AIM OF THE EXERCISE:
Wherever a picture appears in the data below, omit it, and restate everything else word for word.

DATA SEGMENT:
┌──
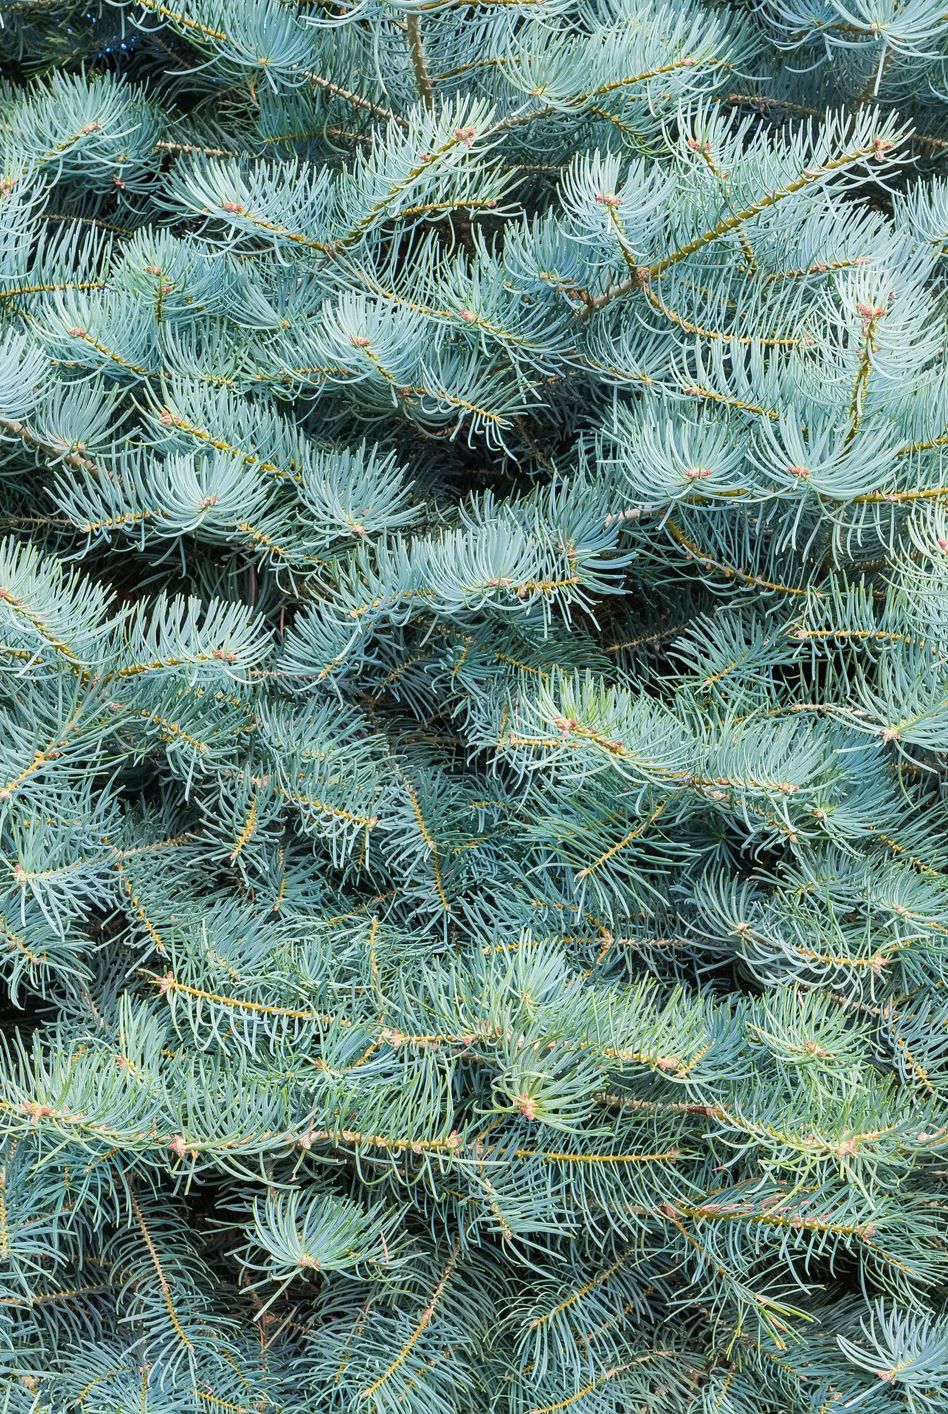 types of Christmas trees white fir
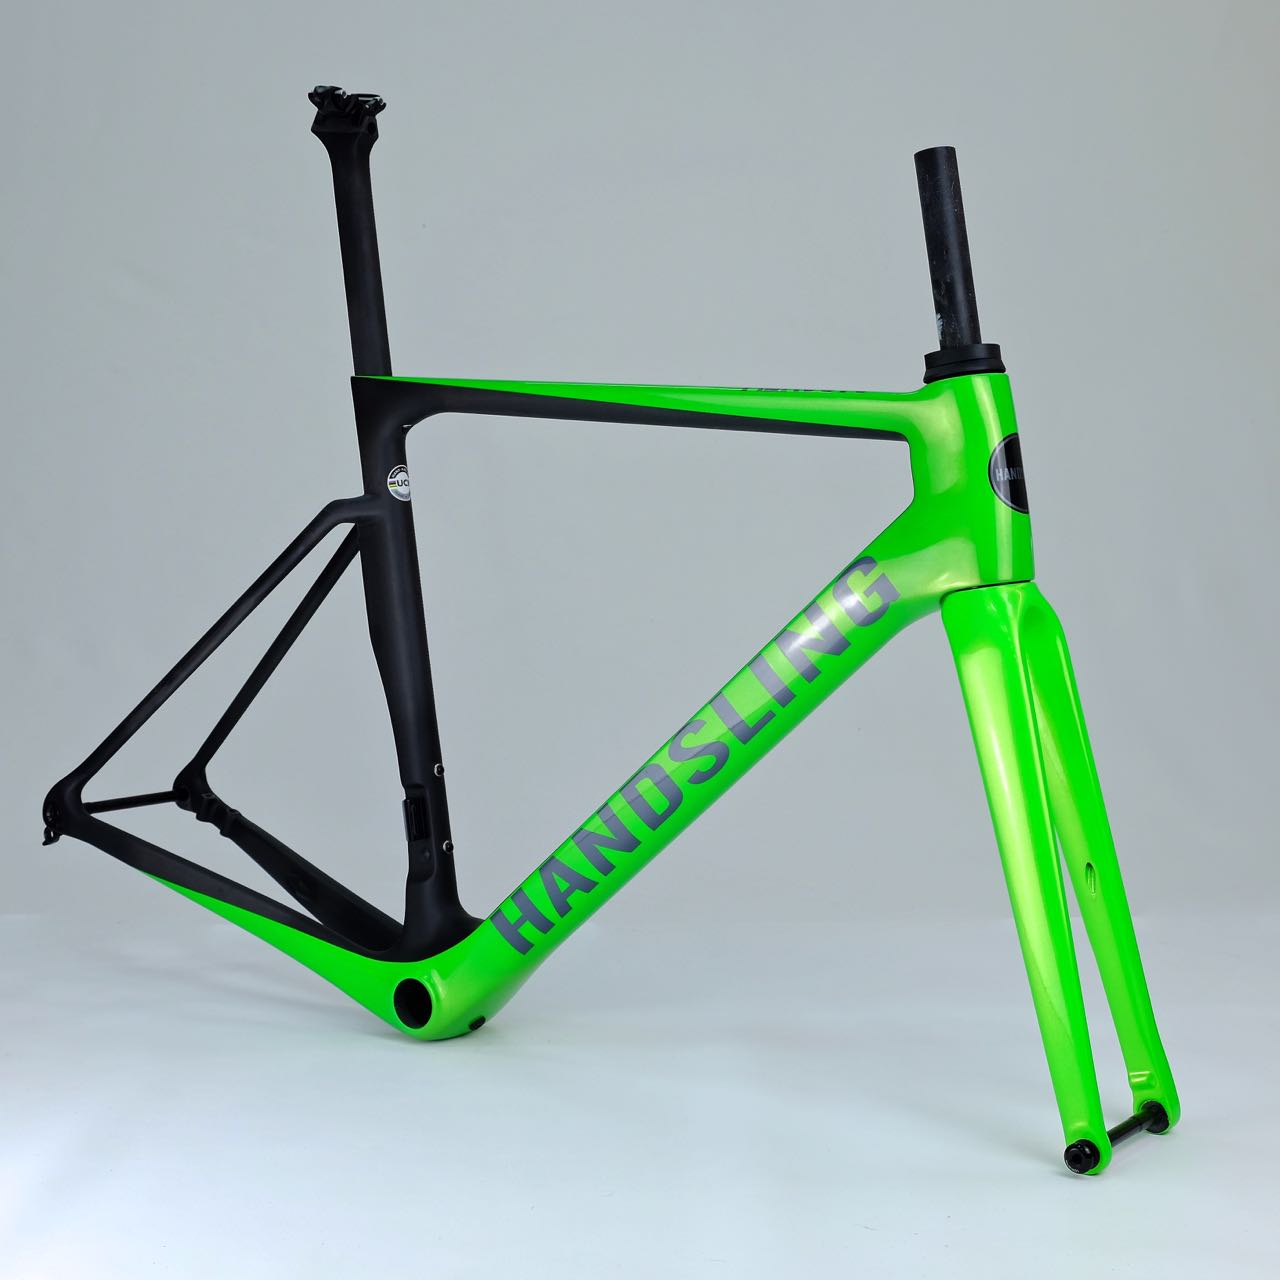 Handsling A1R0evo frame - Neon Green
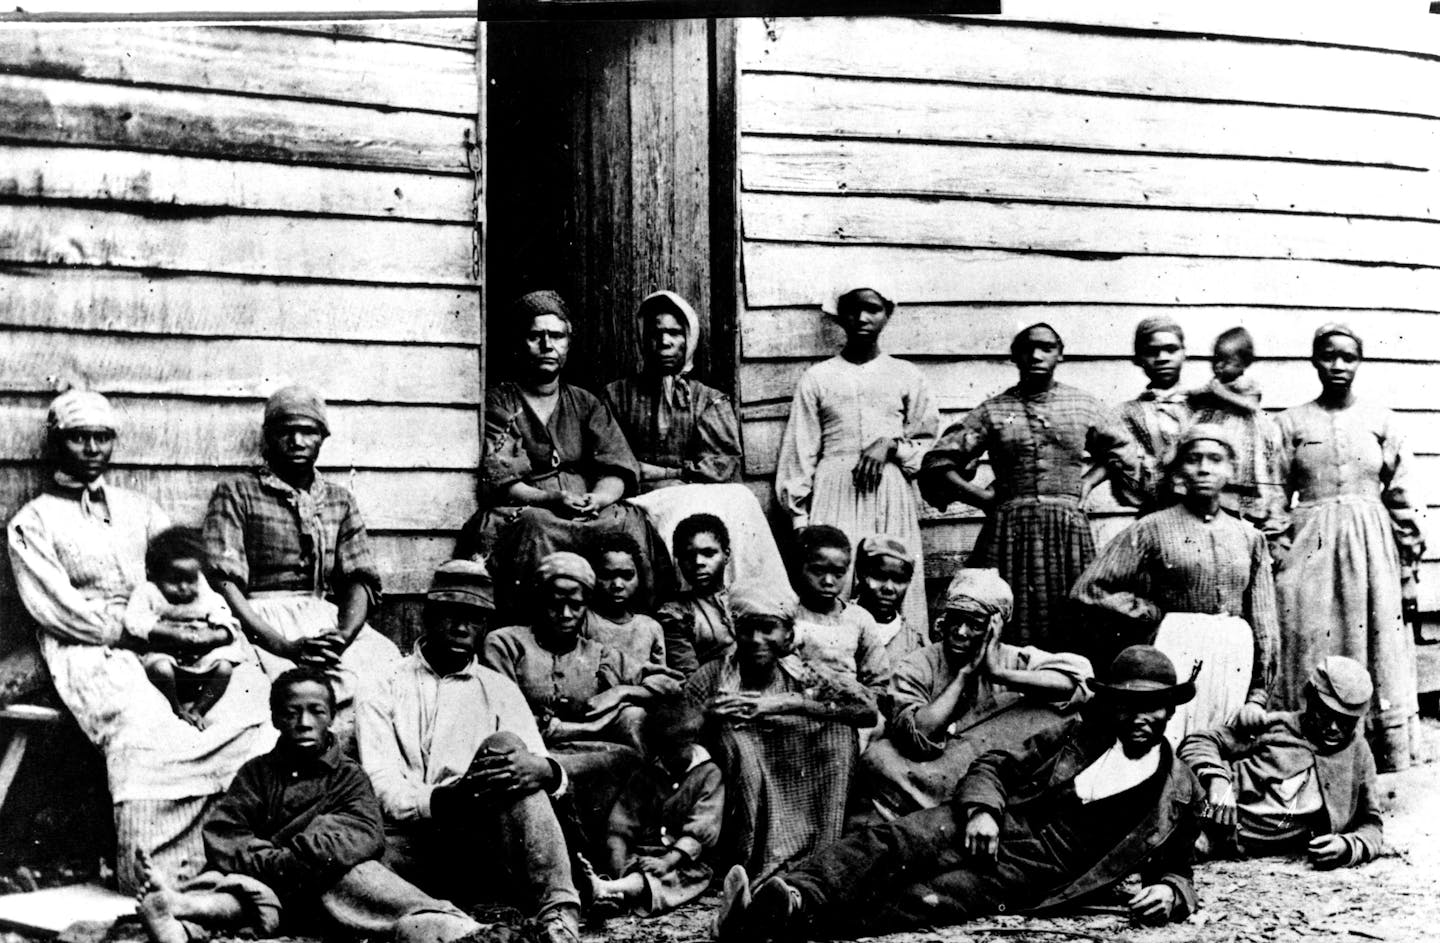 1860. Enslaved people on a South Carolina plantation.
└──
ANSWER TO THIS TASK:
 types of Christmas trees white fir
 Handsling A1R0evo frame - Neon Green
 1860. Enslaved people on a South Carolina plantation.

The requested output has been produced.